Packing Efficiency: Packing efficiency is a measure of how tightly particles or atoms are arranged within a crystalline solid structure. It quantifies the degree to which the available space in a unit cell or lattice is occupied by the constituent particles.
Planar Defects: Planar defects are two-dimensional imperfections that occur within the ordered crystal structure of a solid material. These defects disrupt the regular arrangement of atoms and can significantly influence the physical and chemical properties of the material.
Point Defects: Point defects are localized imperfections or irregularities within the crystalline structure of a solid material. These defects occur at specific atomic sites and can significantly influence the physical and chemical properties of the material.
Polymorphism: Polymorphism refers to the ability of a substance to exist in multiple distinct crystalline forms, each with a unique arrangement and bonding of atoms. This phenomenon can occur in both organic and inorganic materials, and it has important implications in the solid state of matter and the properties of various compounds.
Pores: Pores are small openings or channels that exist in the surface of a solid material, allowing the passage of fluids, gases, or small particles through the material. They are an important characteristic of the solid state of matter, particularly in the context of adsorption, diffusion, and the behavior of materials.
Screw Dislocations: Screw dislocations are a type of crystal defect in the solid state of matter, where the atoms in the crystal structure are arranged in a spiral pattern around a central axis. This disruption in the regular arrangement of atoms creates a line defect that can significantly impact the mechanical properties of the material.
Screw dislocations are an important concept in the study of the solid state of matter, as they influence the behavior and characteristics of crystalline materials at the atomic level.
Simple Cubic: Simple cubic is a type of crystal structure where atoms or molecules are arranged in a three-dimensional cubic lattice, with one atom or molecule located at each of the eight corners of the cube. This arrangement is one of the most fundamental and common crystal structures found in solid materials.

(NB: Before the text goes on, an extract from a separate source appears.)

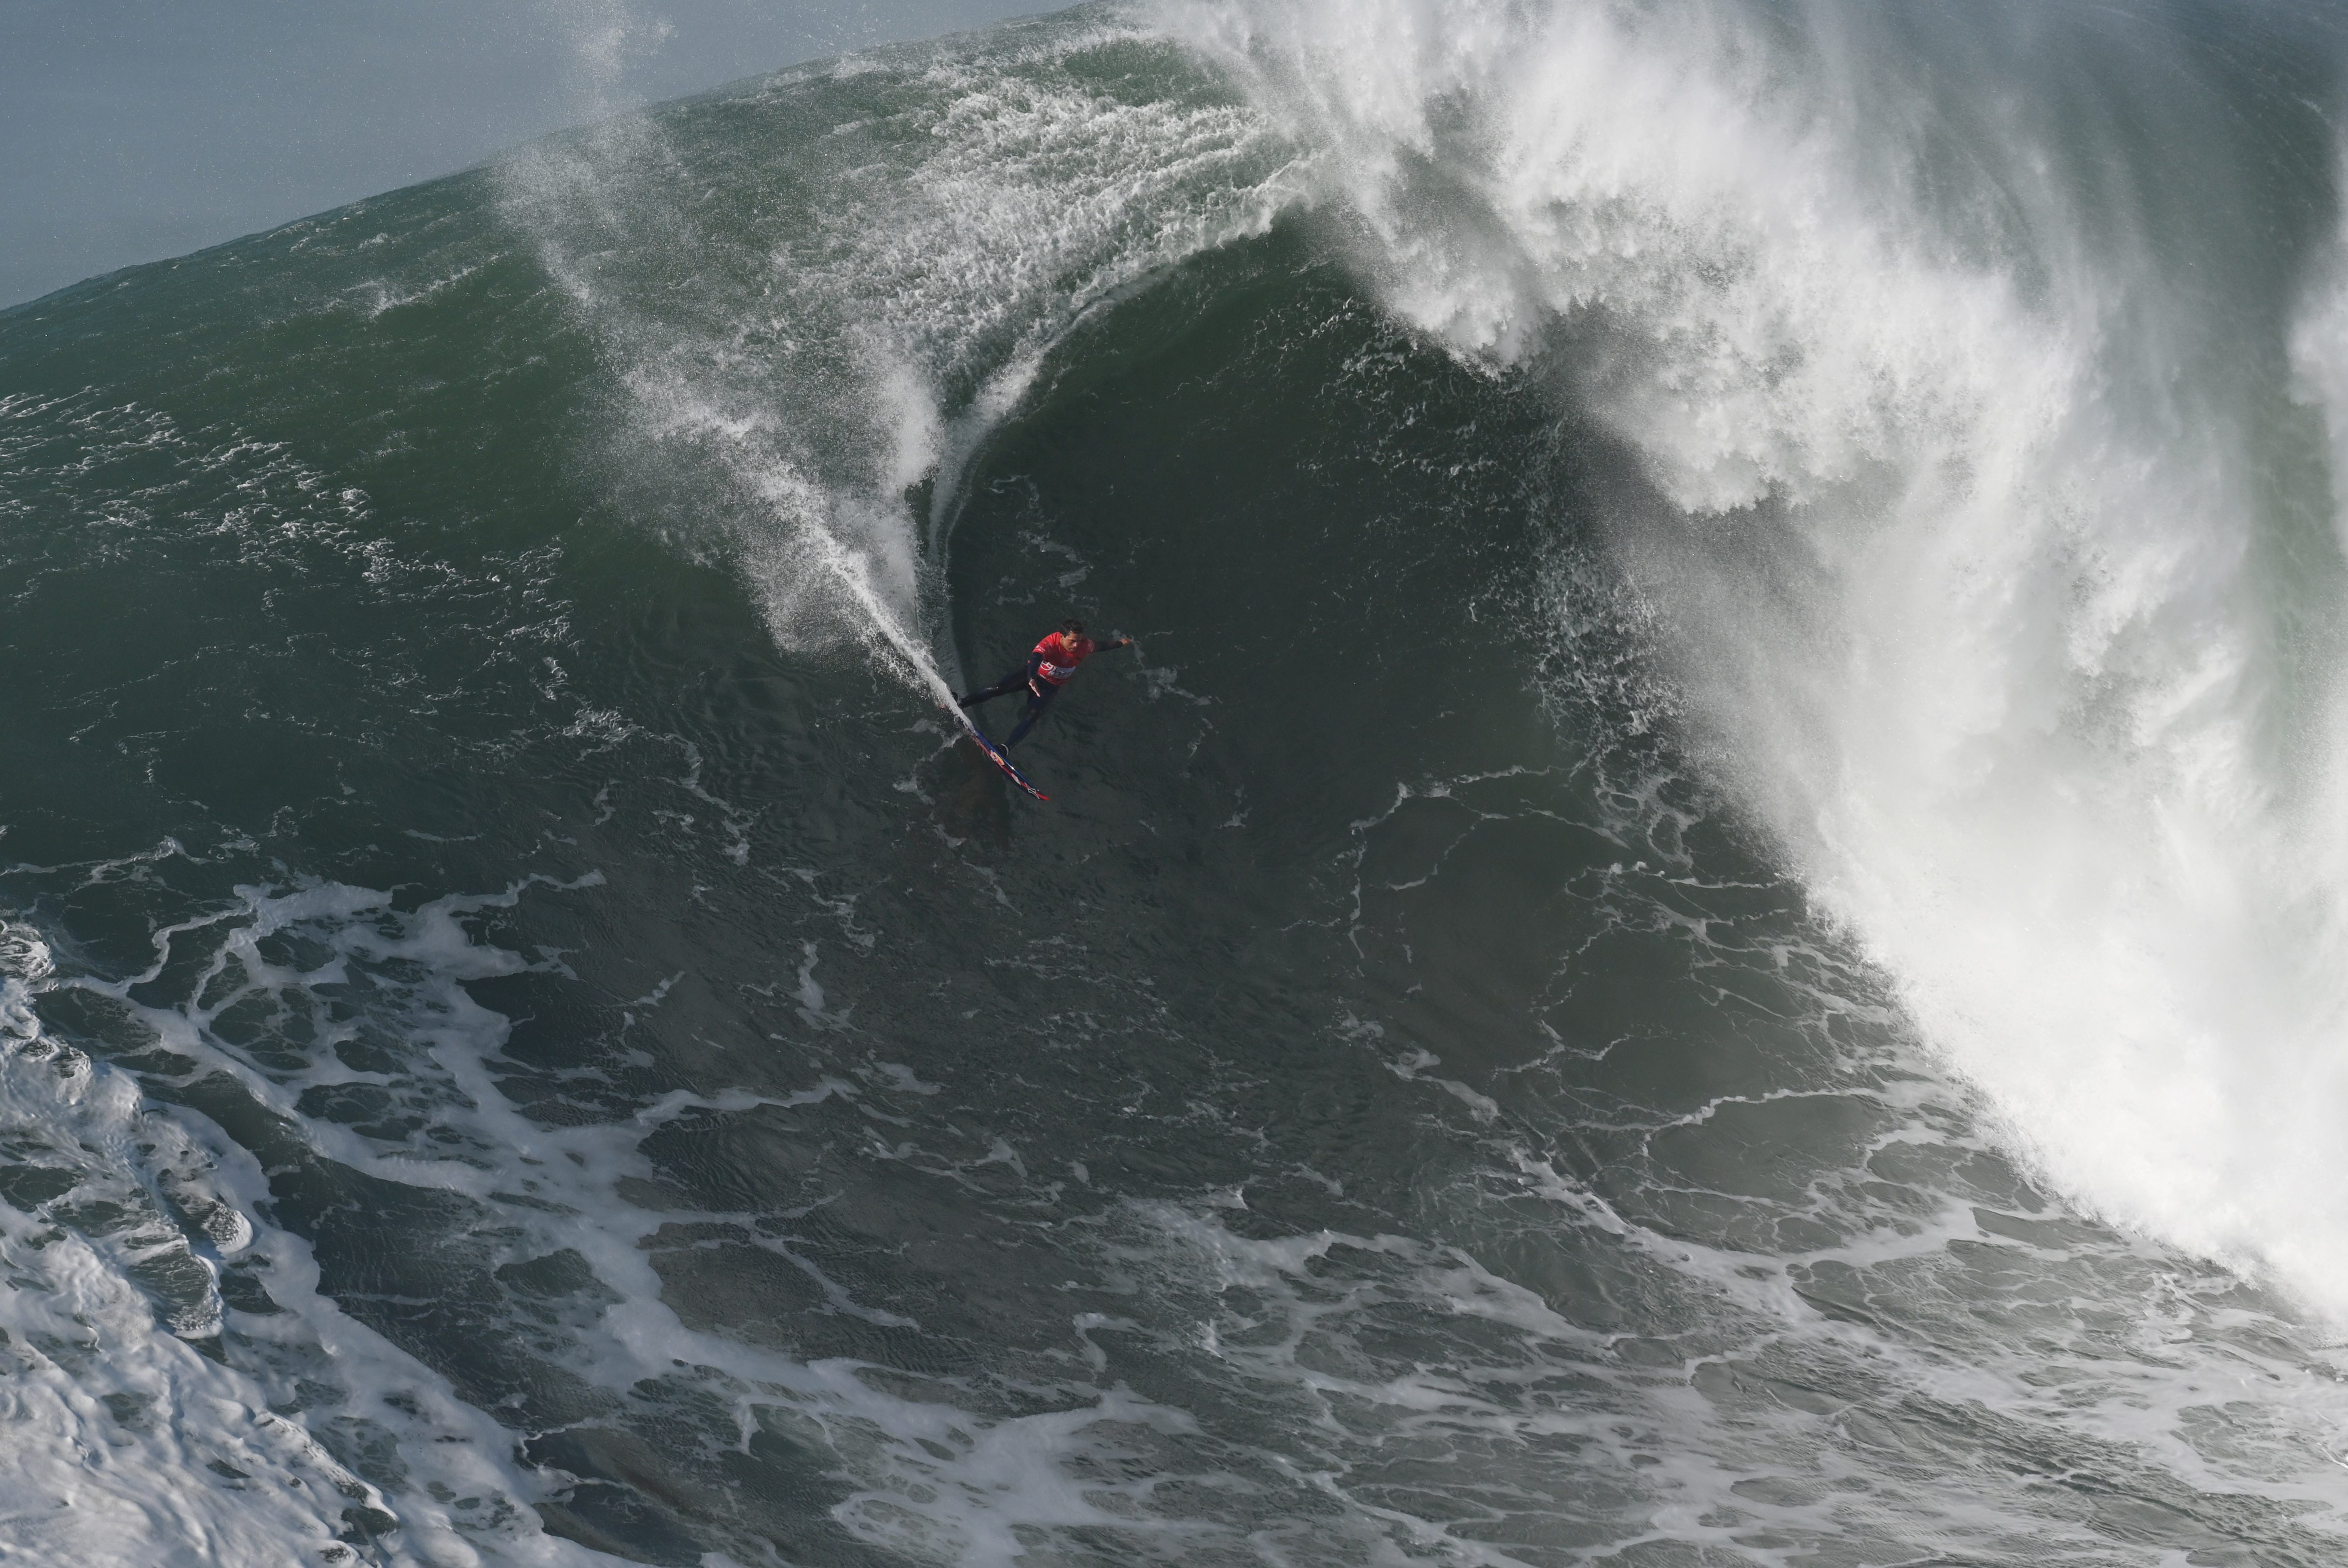 Big wave surfer Kai Lenny rides a wave in 2021 in Nazare.

Stacking Faults: Stacking faults are planar defects that occur in the stacking sequence of the atomic planes in a crystalline solid. They disrupt the regular, periodic arrangement of atoms in the crystal structure, leading to local variations in the material's properties and behavior.
Substitutional Defects: Substitutional defects are a type of point defect that occurs in the crystal structure of a solid material when an atom of one element replaces an atom of a different element in the regular lattice positions. This disruption in the ordered arrangement of atoms can significantly impact the physical and chemical properties of the material.
Unit Cell: The unit cell is the fundamental building block of a crystalline solid, representing the smallest repeating unit that encompasses the full symmetry and structure of the crystal lattice. It is the basic unit used to describe the arrangement and organization of atoms or molecules within a crystalline material.
Vacancies: Vacancies refer to the empty spaces or missing atoms within the crystalline structure of a solid material. These defects in the orderly arrangement of atoms can significantly impact the physical and chemical properties of the solid.
Van der Waals forces: Van der Waals forces are weak intermolecular forces that arise from the interactions between induced or permanent dipoles in molecules. They play a crucial role in determining the physical properties of liquids and solids.
Van der Waals Forces: van der Waals forces are a type of weak intermolecular attractive forces that arise between neutral atoms or molecules. These forces are responsible for the non-ideal behavior of gases, the properties of liquids and solids, and the structure and general properties of nonmetals and noble gases.